**Activity:** In full and word for word, copy the listing; no pictures belong in the copy.

**Given data:**
• • • • •
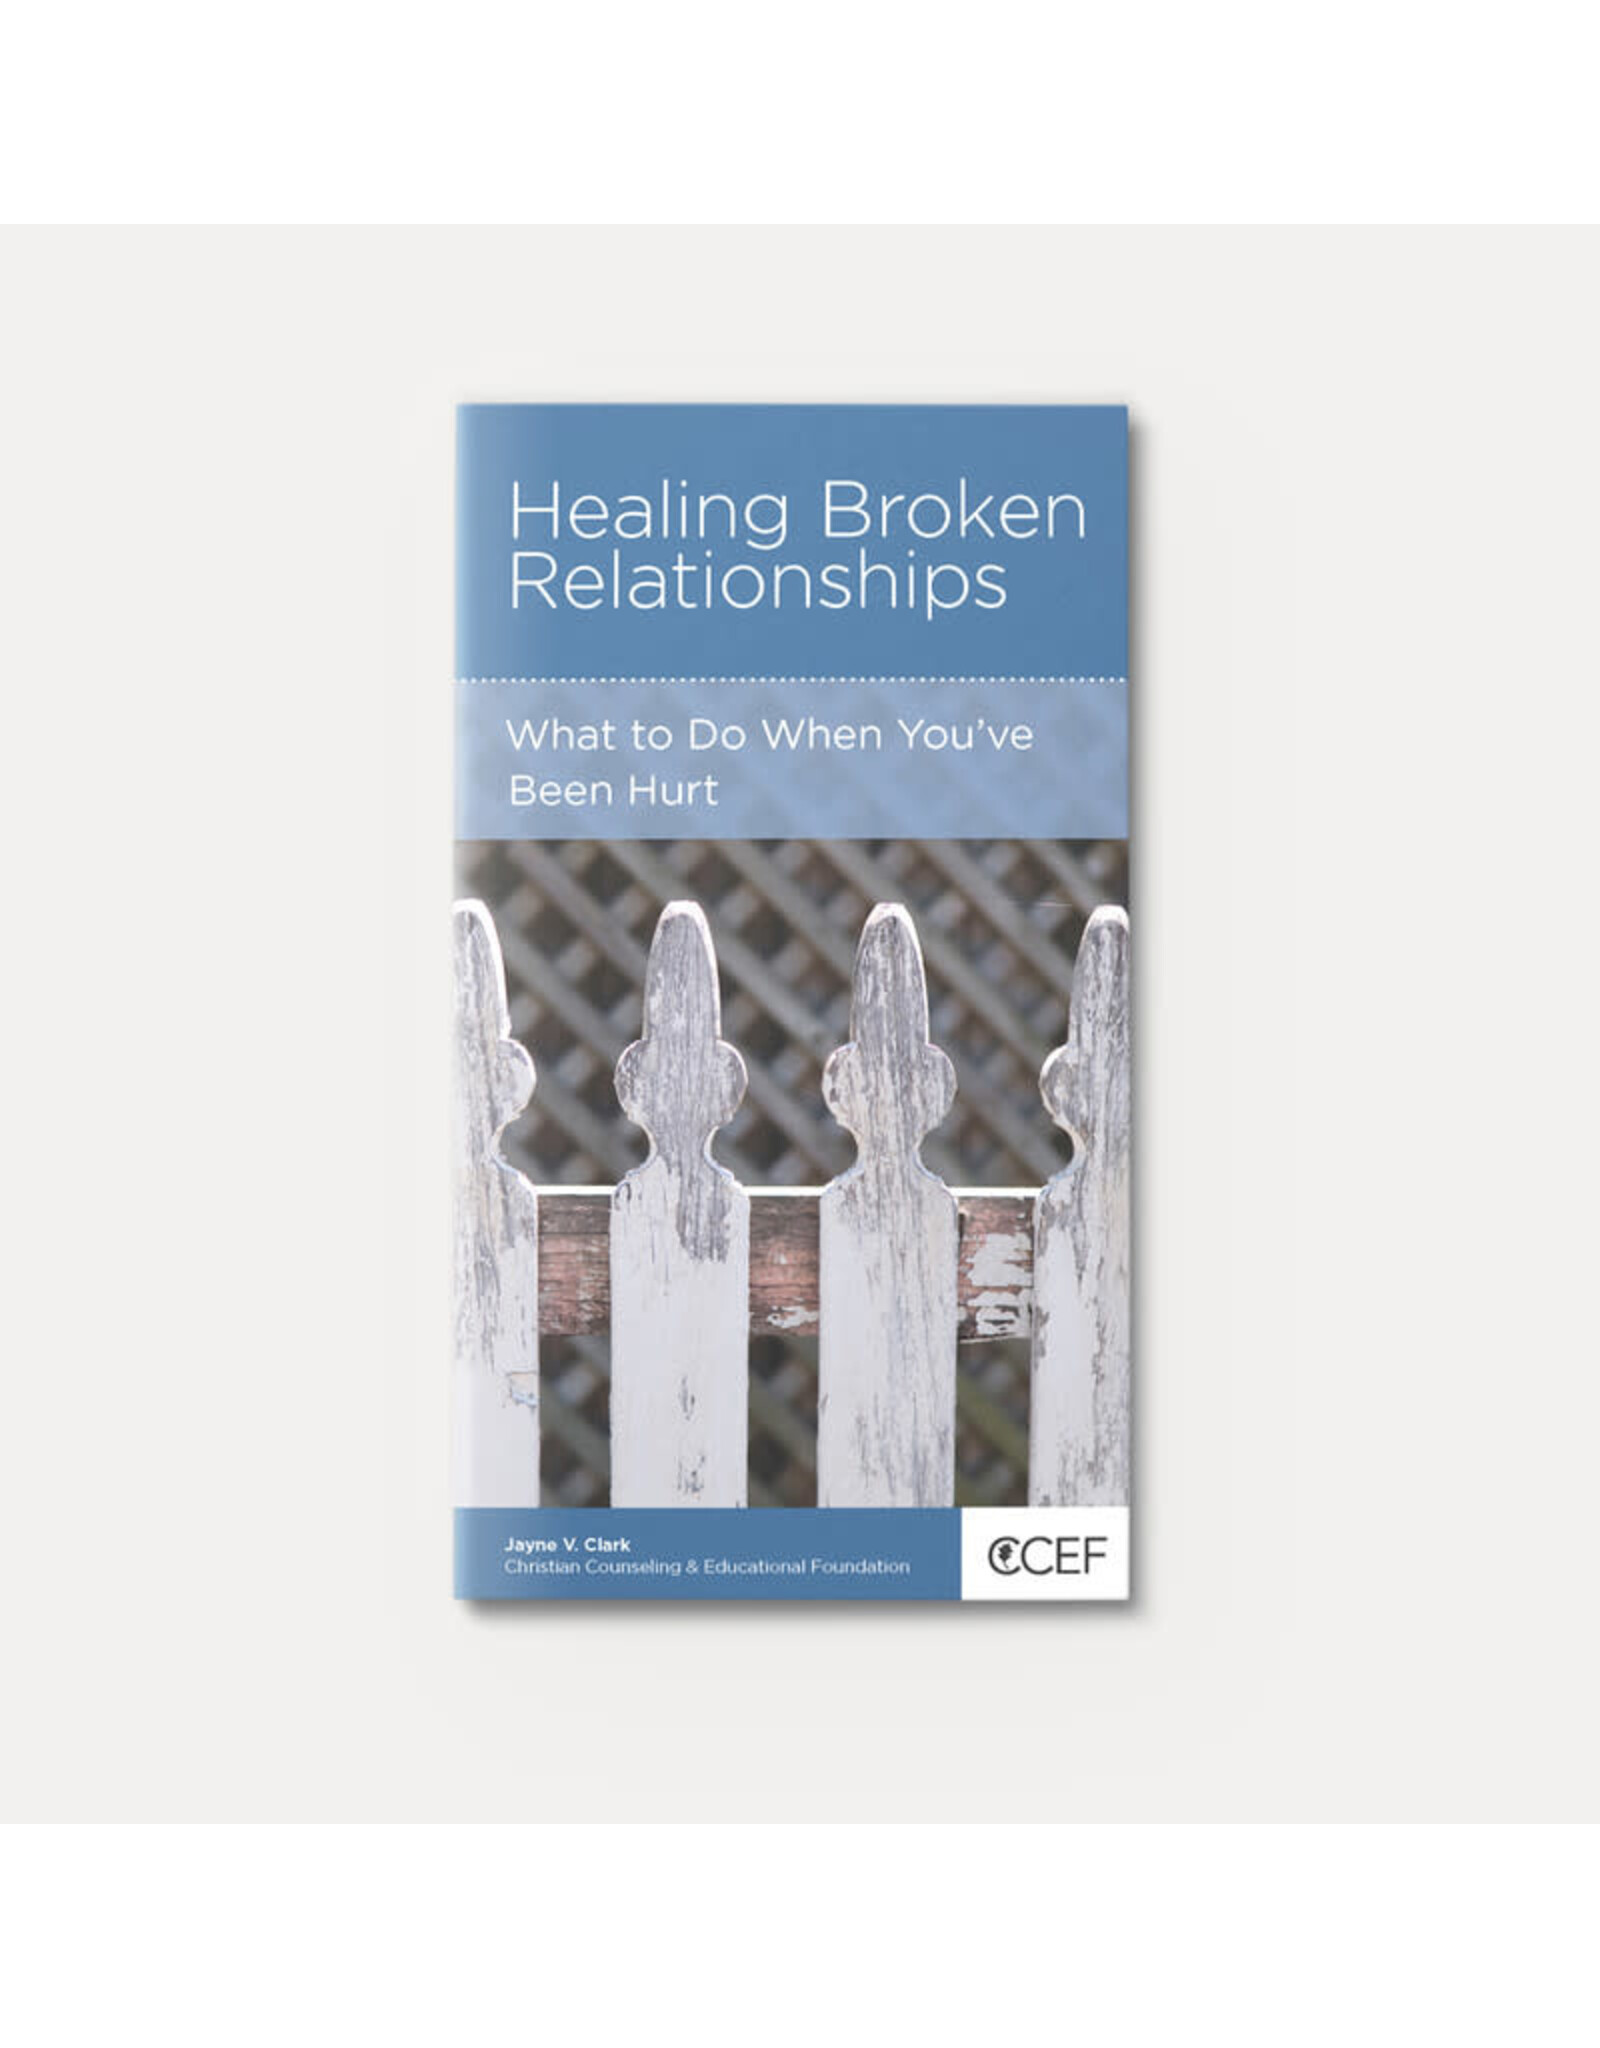 Jayne V. Clark Healing Broken Relationships: What To Do When You've Been Hurt
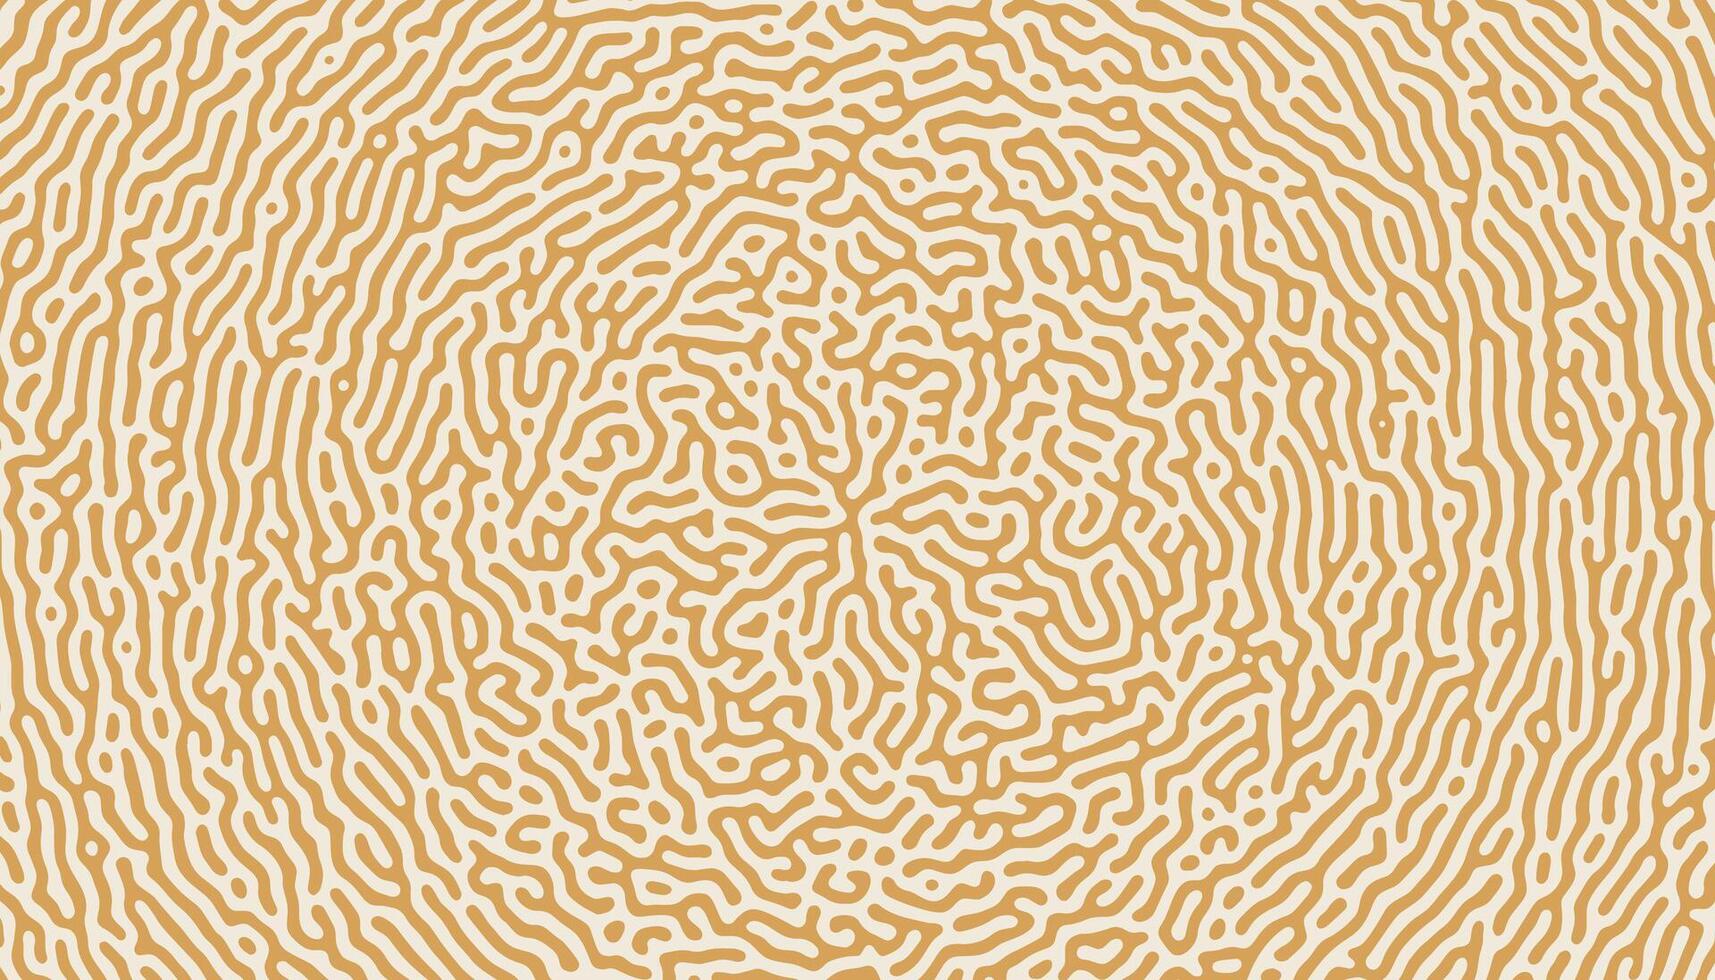 turing organisk spiral cirkulär former mönster bakgrund vektor illustration
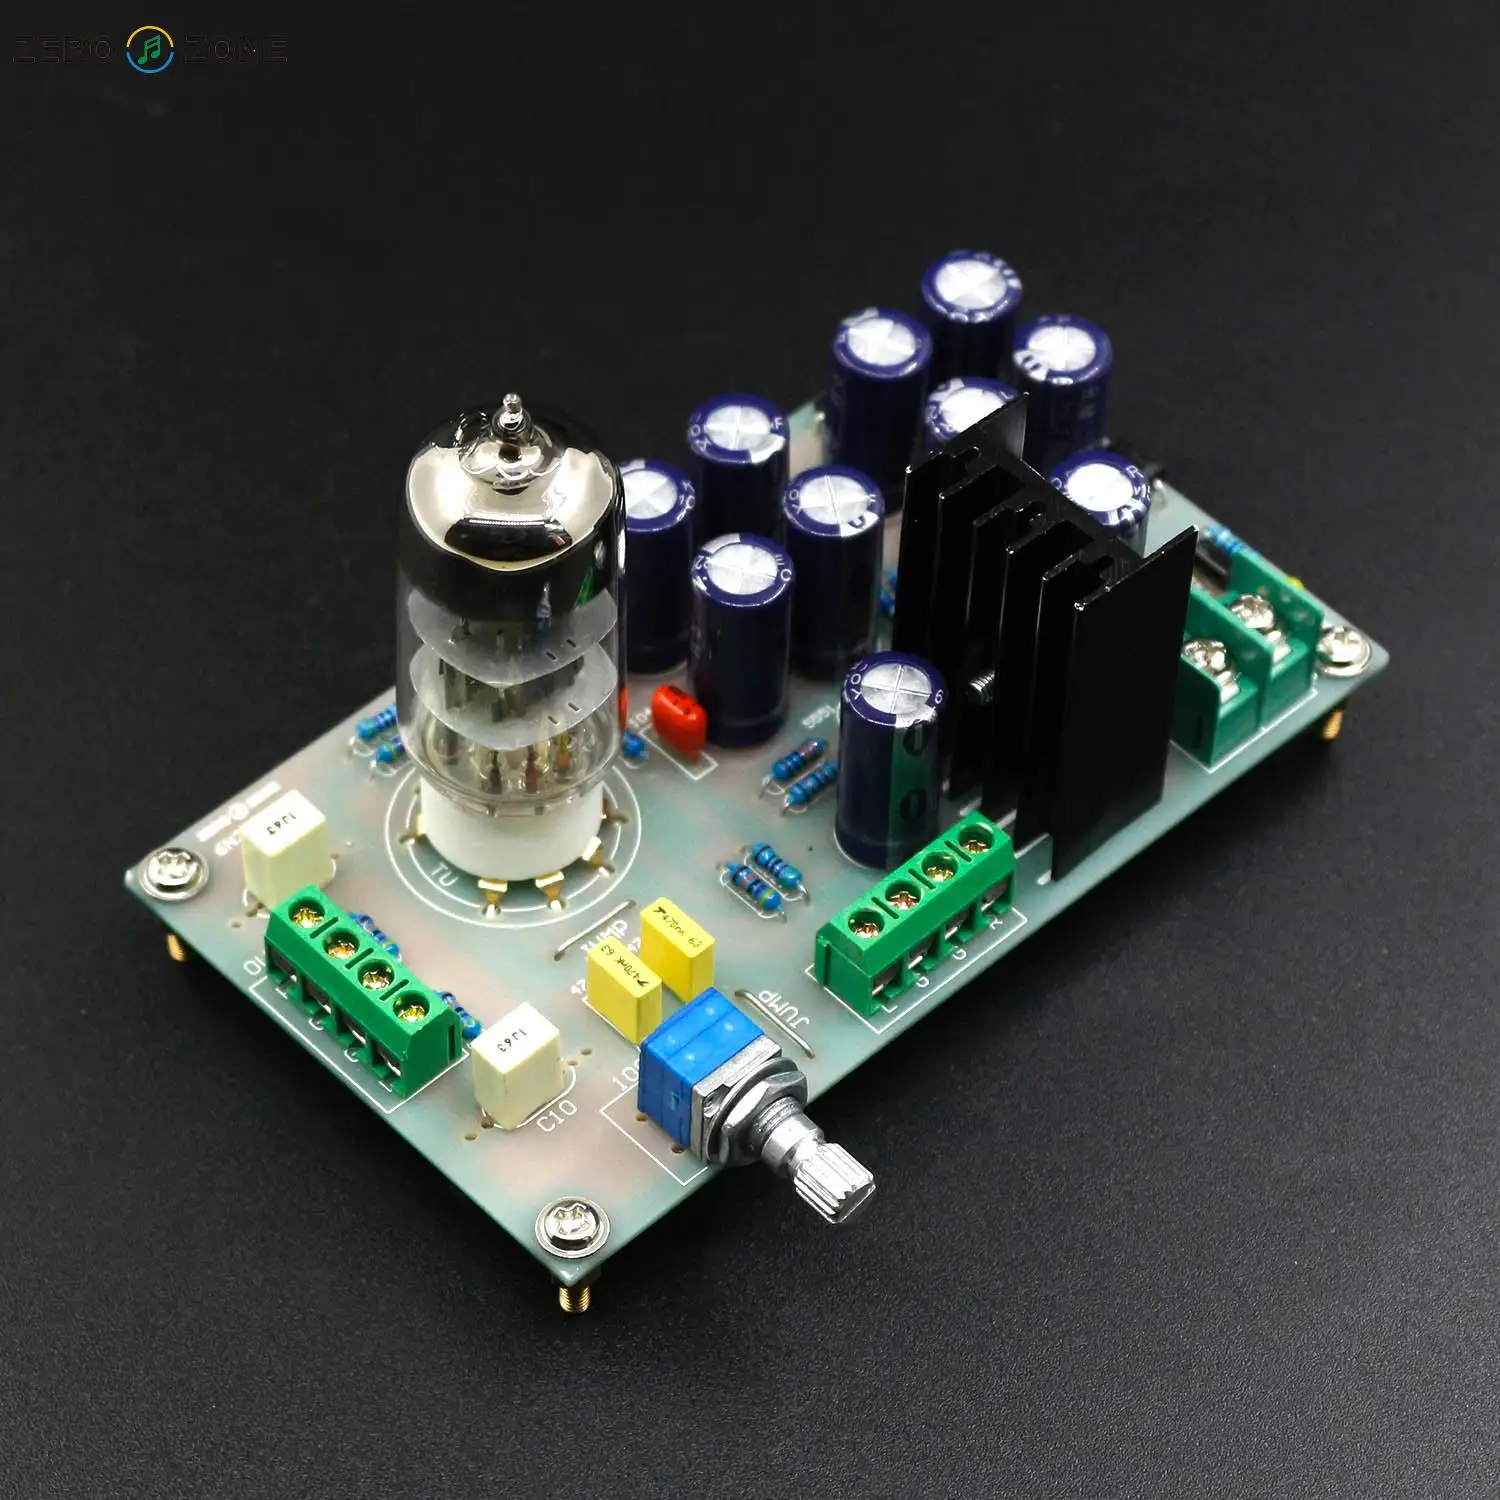 pre amp 6N3 Amplifier Kit / Board 6N3 Tube Buffer Audio Preamplifier Pre AMP Kit For DIY Mini Amplifier
• • • • •
**Written solution:**
 Jayne V. Clark Healing Broken Relationships: What To Do When You've Been Hurt
 turing organisk spiral cirkulär former mönster bakgrund vektor illustration
 pre amp 6N3 Amplifier Kit / Board 6N3 Tube Buffer Audio Preamplifier Pre AMP Kit For DIY Mini Amplifier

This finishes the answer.